Brief:
Except for images, print the whole listing verbatim.

Dataset section:
= = = = = = =
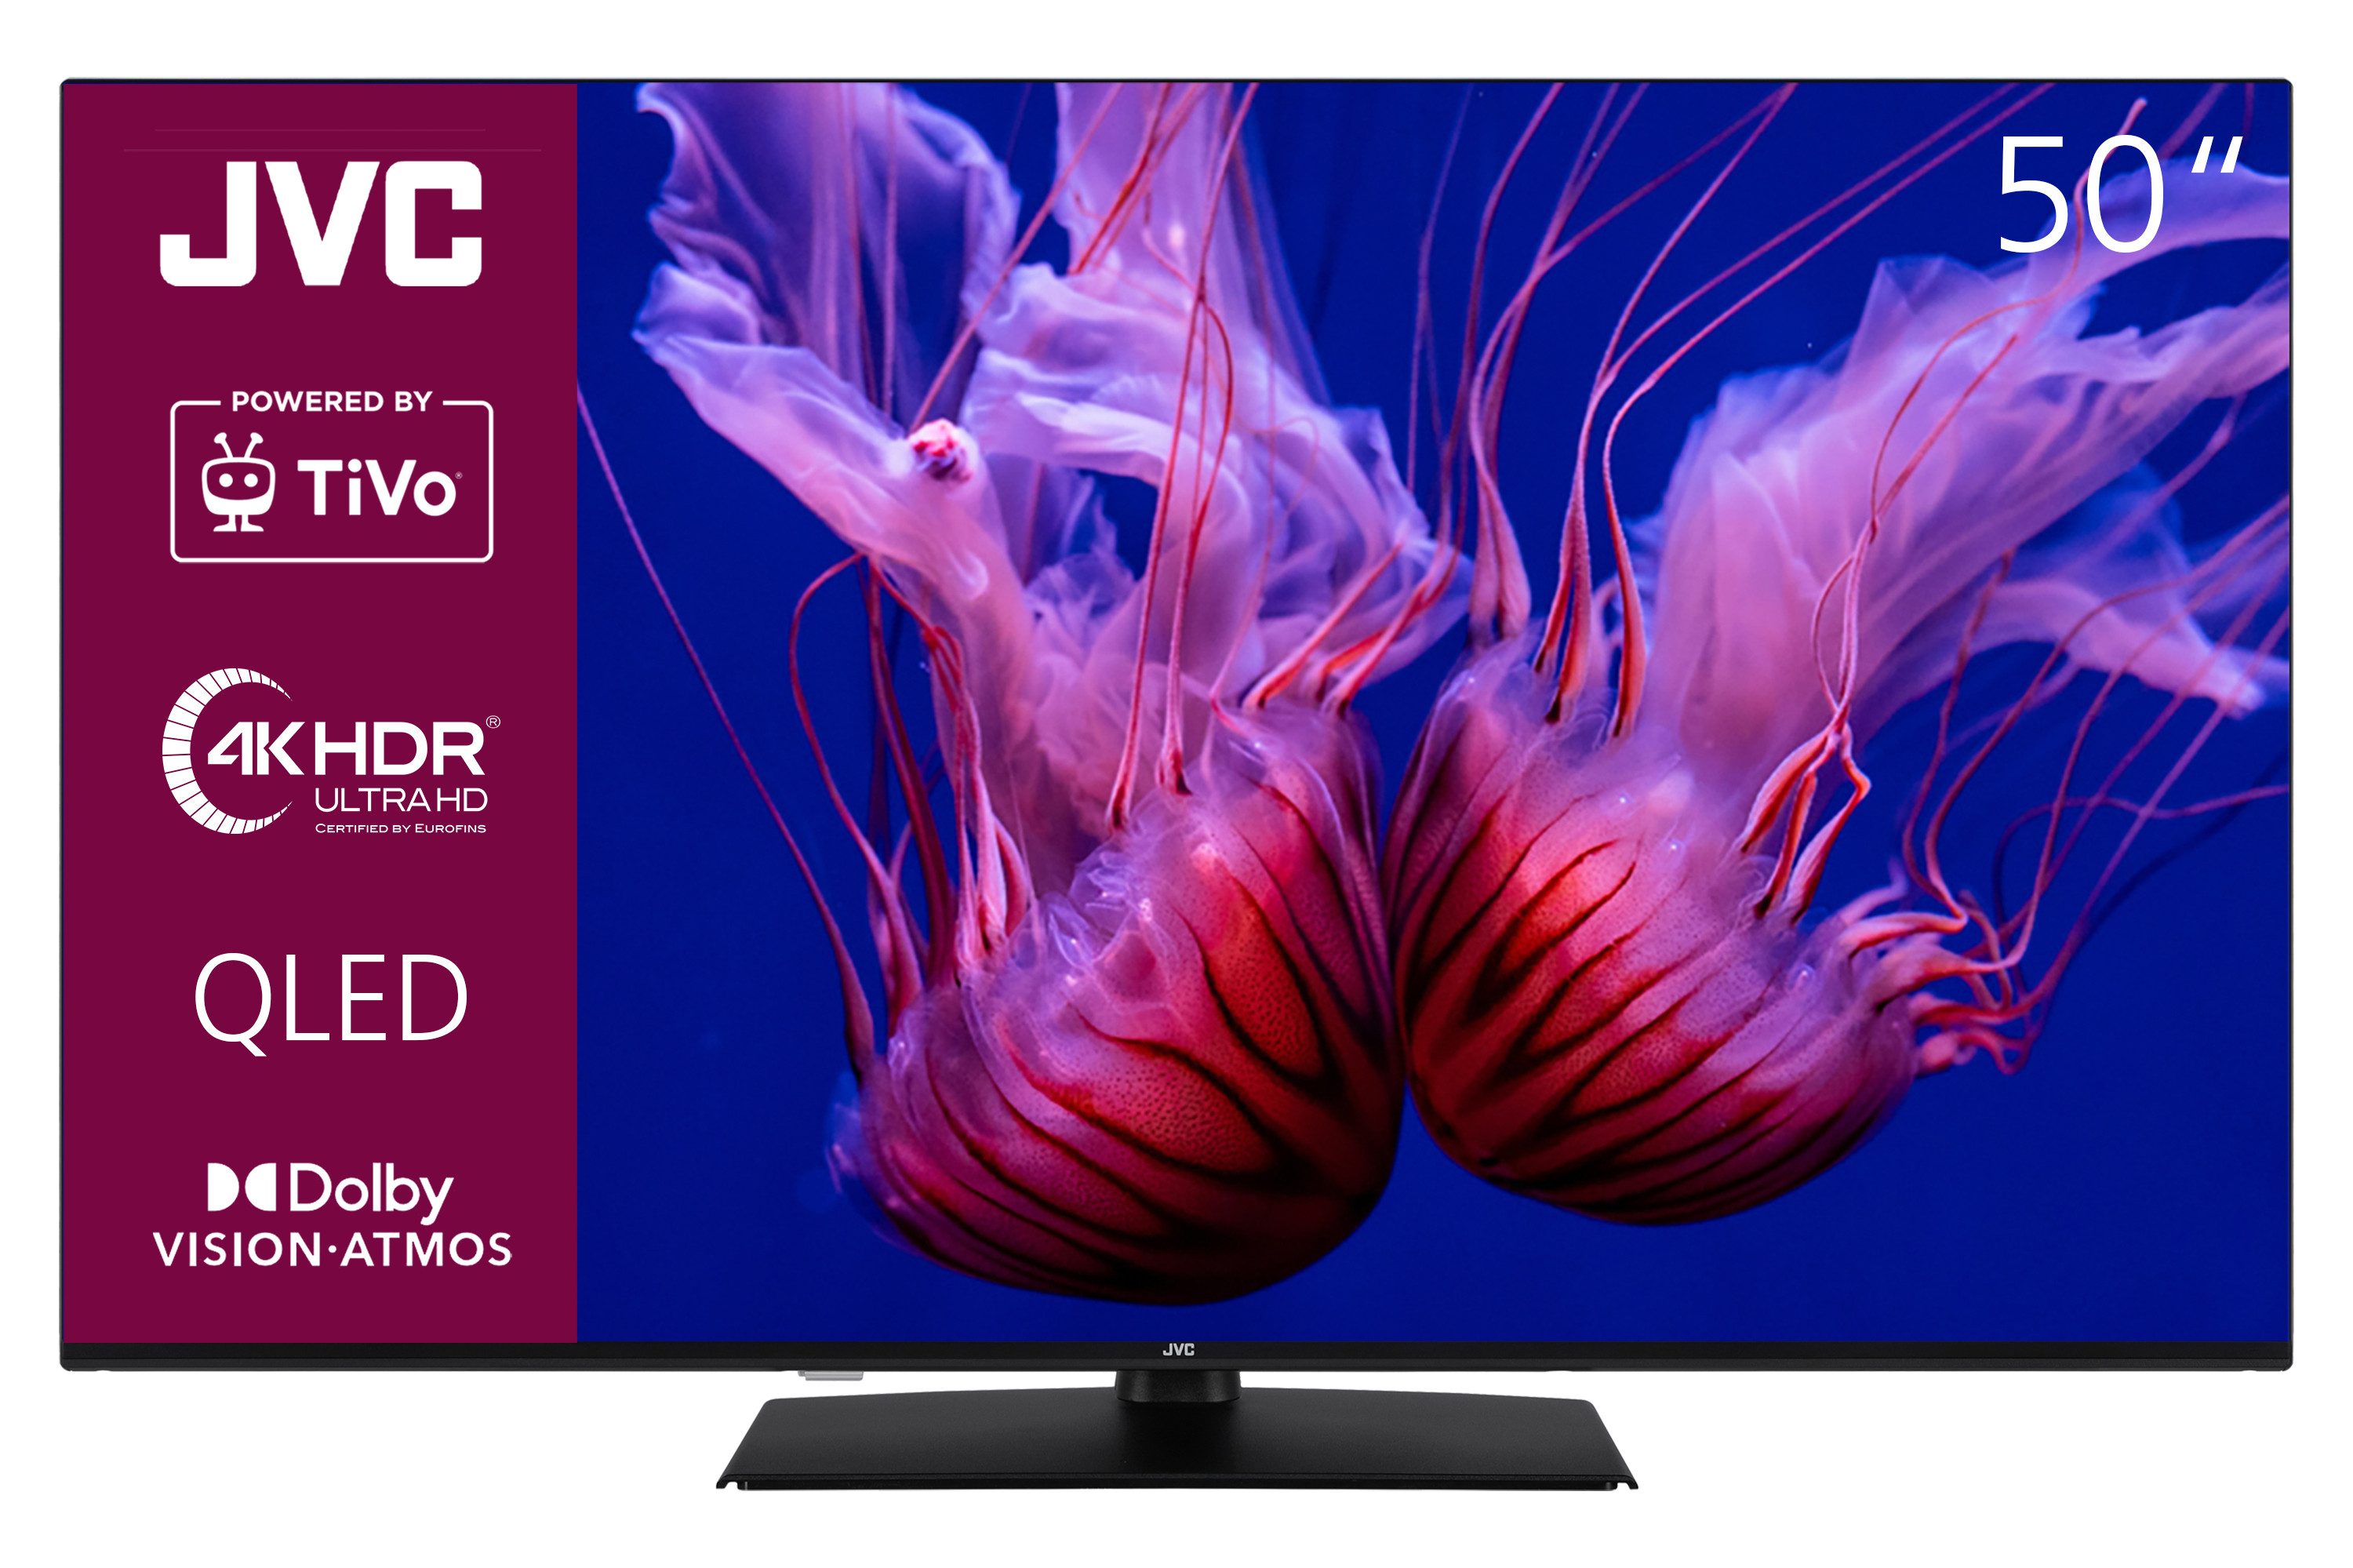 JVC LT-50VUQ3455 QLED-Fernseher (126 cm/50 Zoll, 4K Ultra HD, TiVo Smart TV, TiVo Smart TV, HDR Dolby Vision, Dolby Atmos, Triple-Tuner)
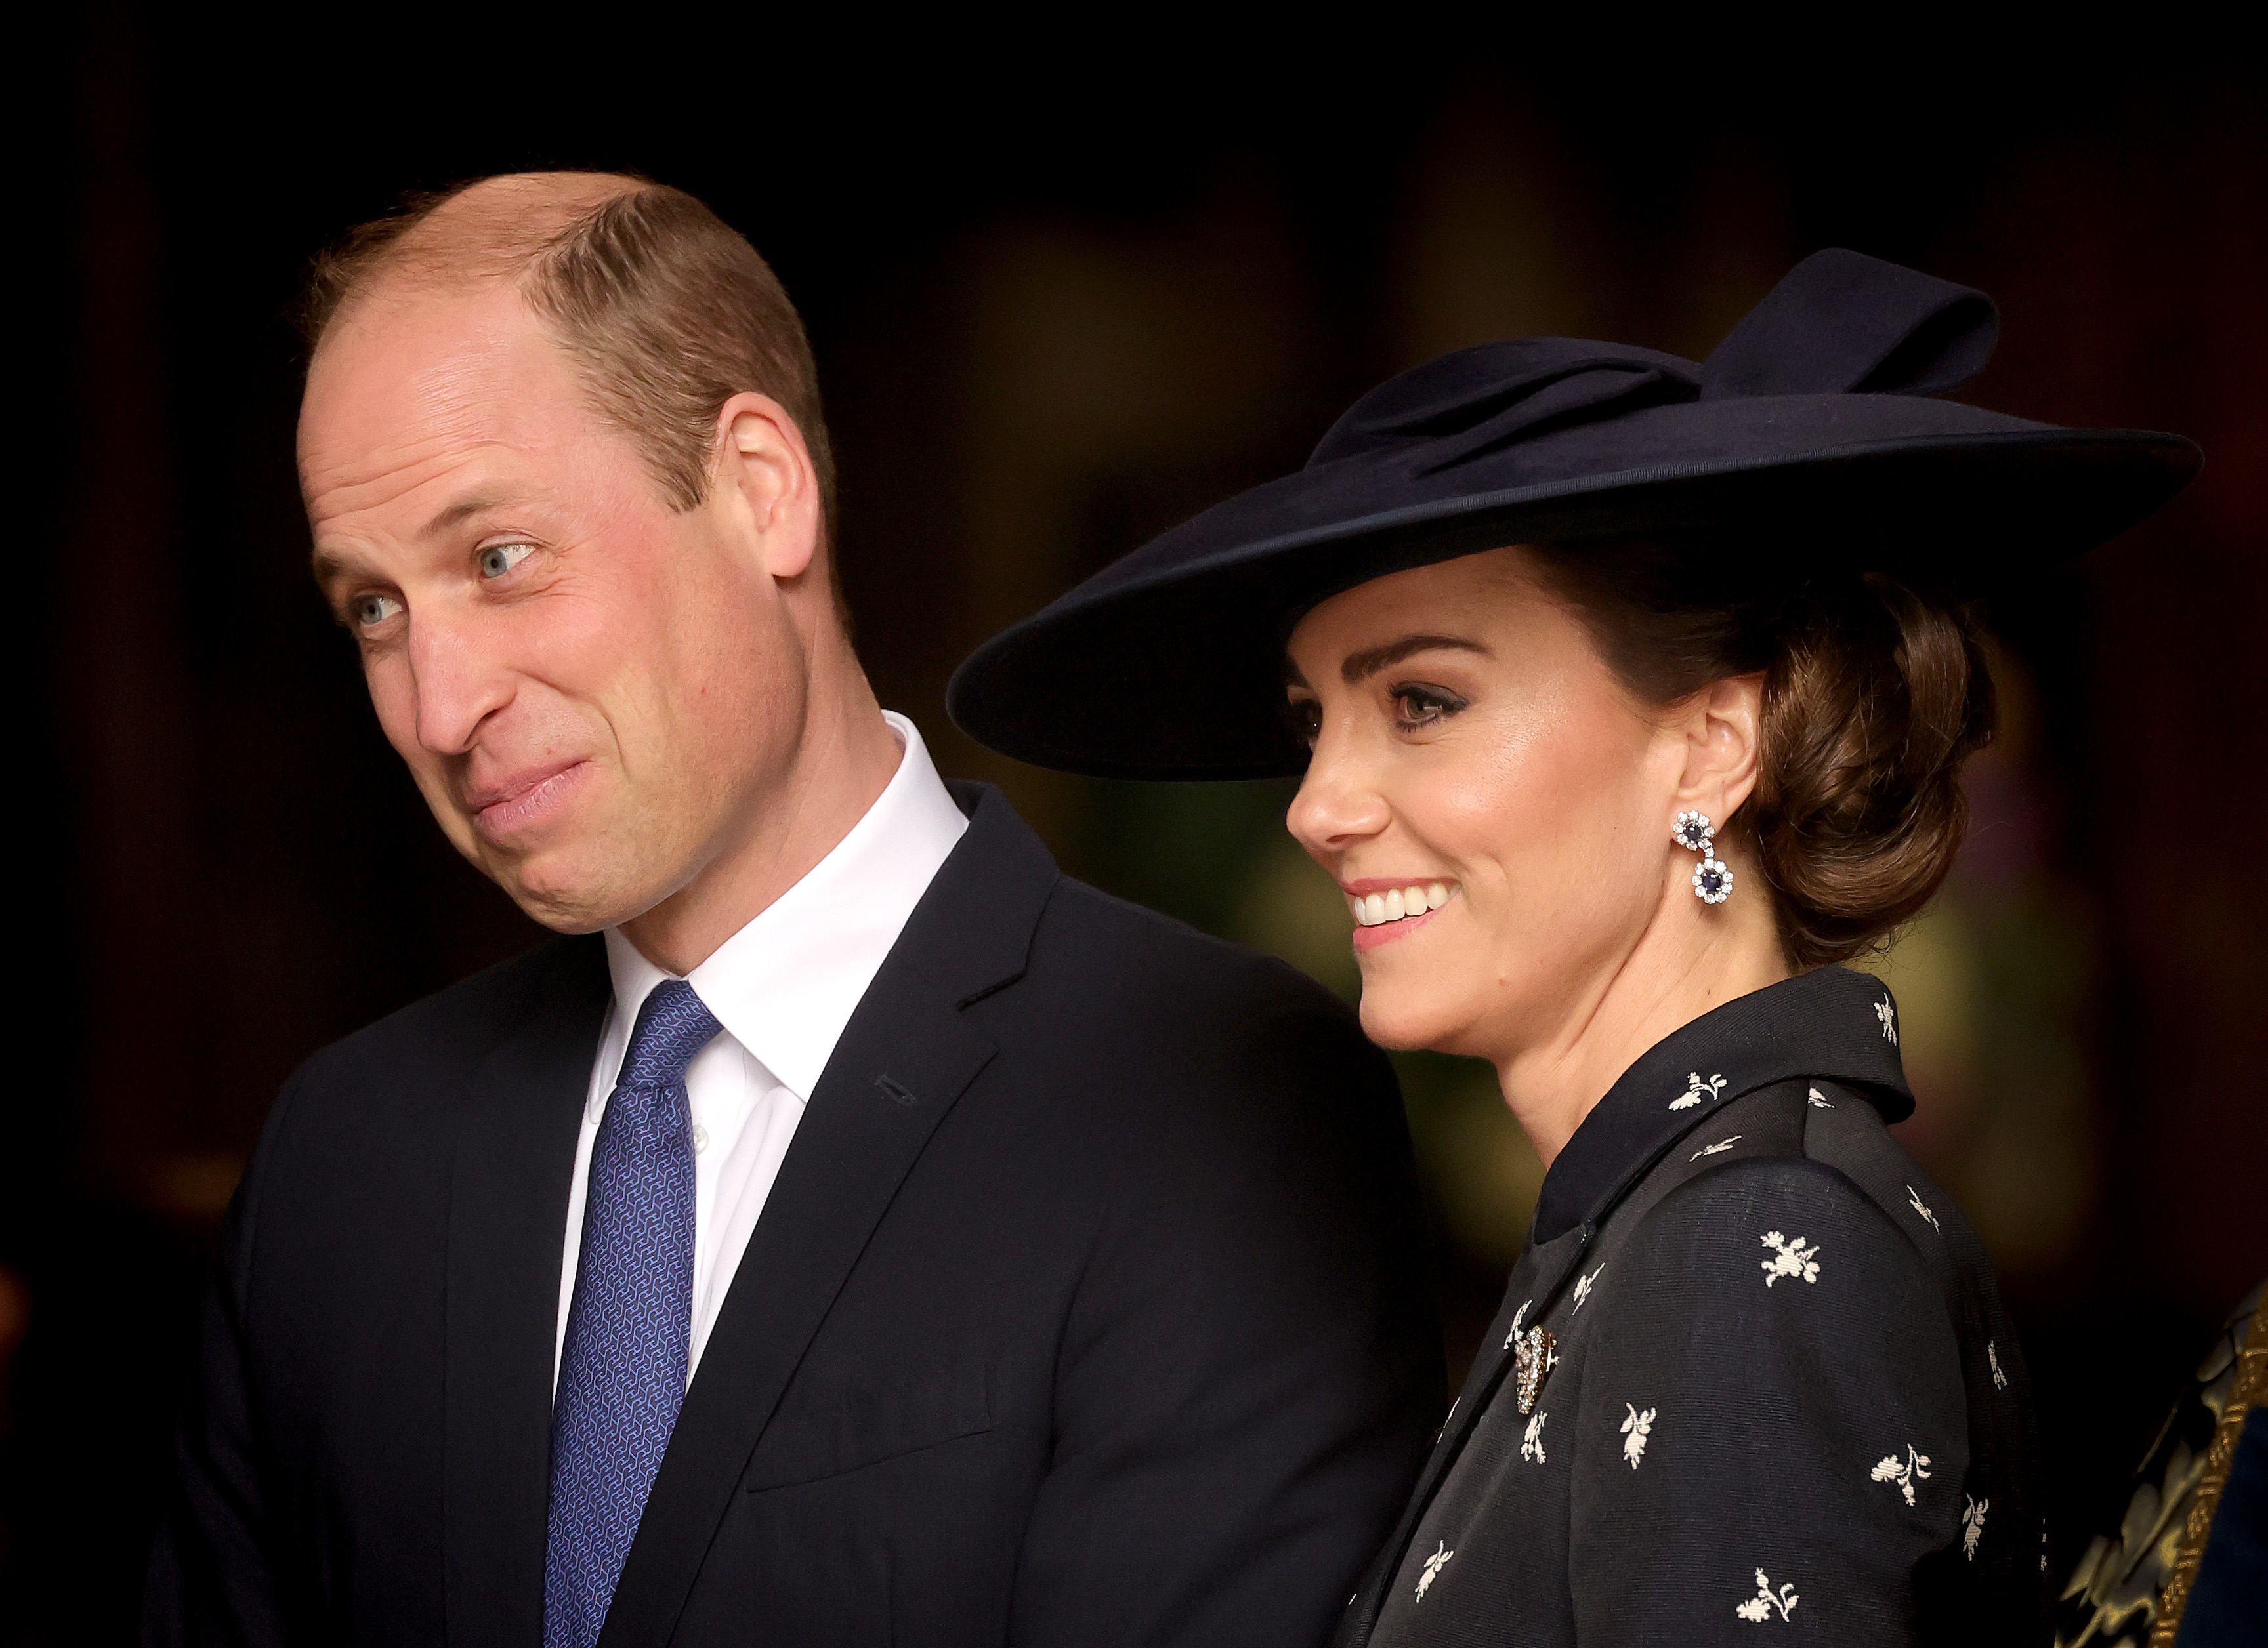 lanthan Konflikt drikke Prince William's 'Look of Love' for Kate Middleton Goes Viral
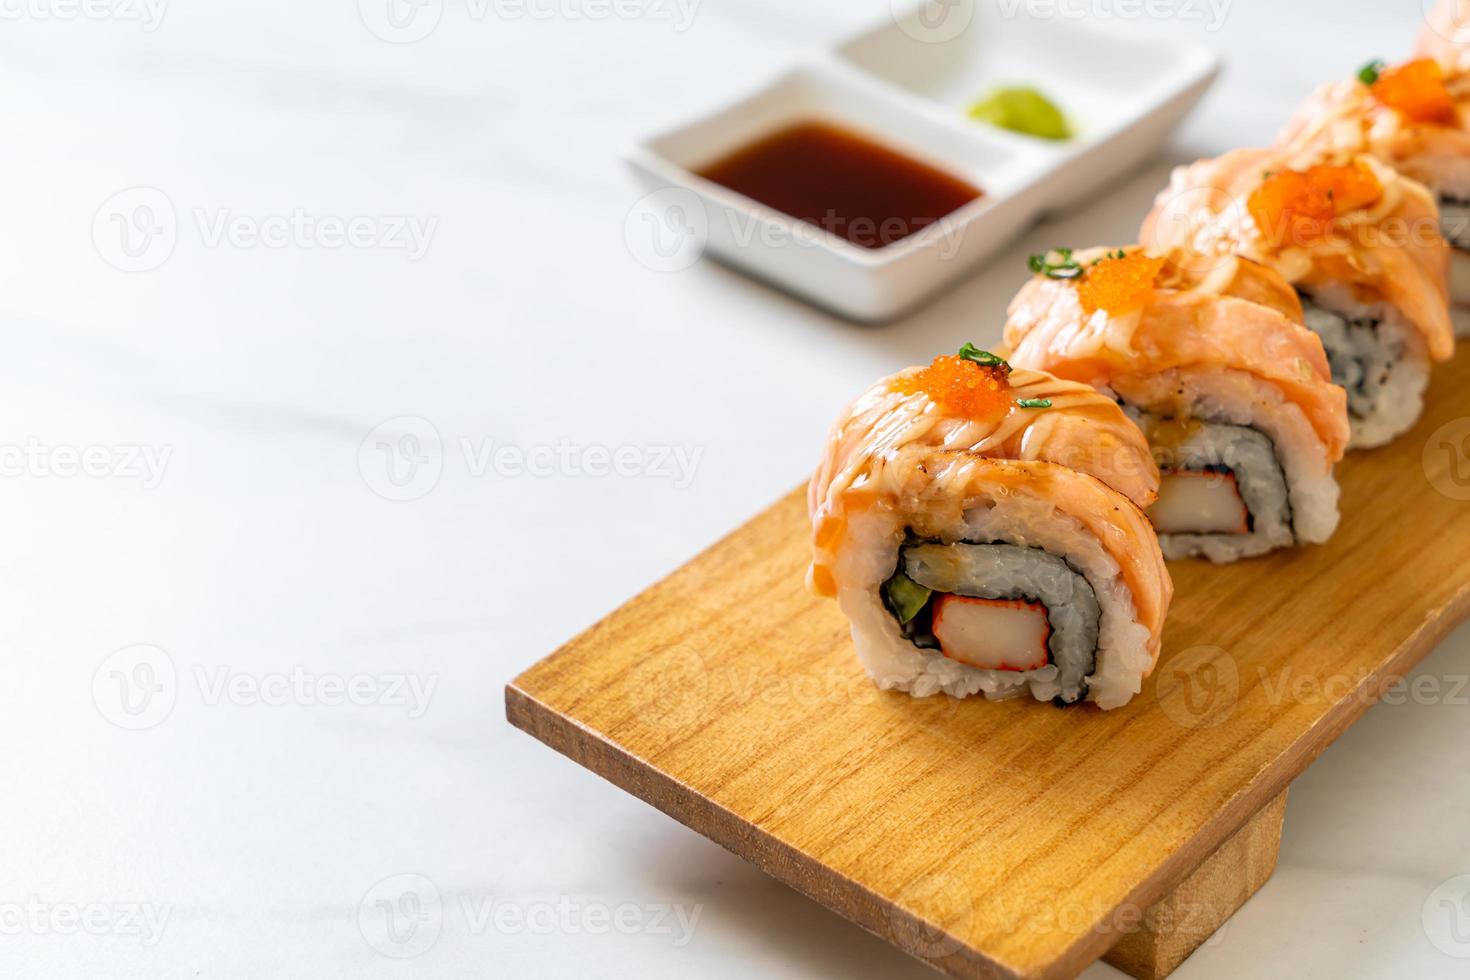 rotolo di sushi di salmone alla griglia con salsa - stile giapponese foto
= = = = = = =
Problem solution:
 JVC LT-50VUQ3455 QLED-Fernseher (126 cm/50 Zoll, 4K Ultra HD, TiVo Smart TV, TiVo Smart TV, HDR Dolby Vision, Dolby Atmos, Triple-Tuner)
 lanthan Konflikt drikke Prince William's 'Look of Love' for Kate Middleton Goes Viral
 rotolo di sushi di salmone alla griglia con salsa - stile giapponese foto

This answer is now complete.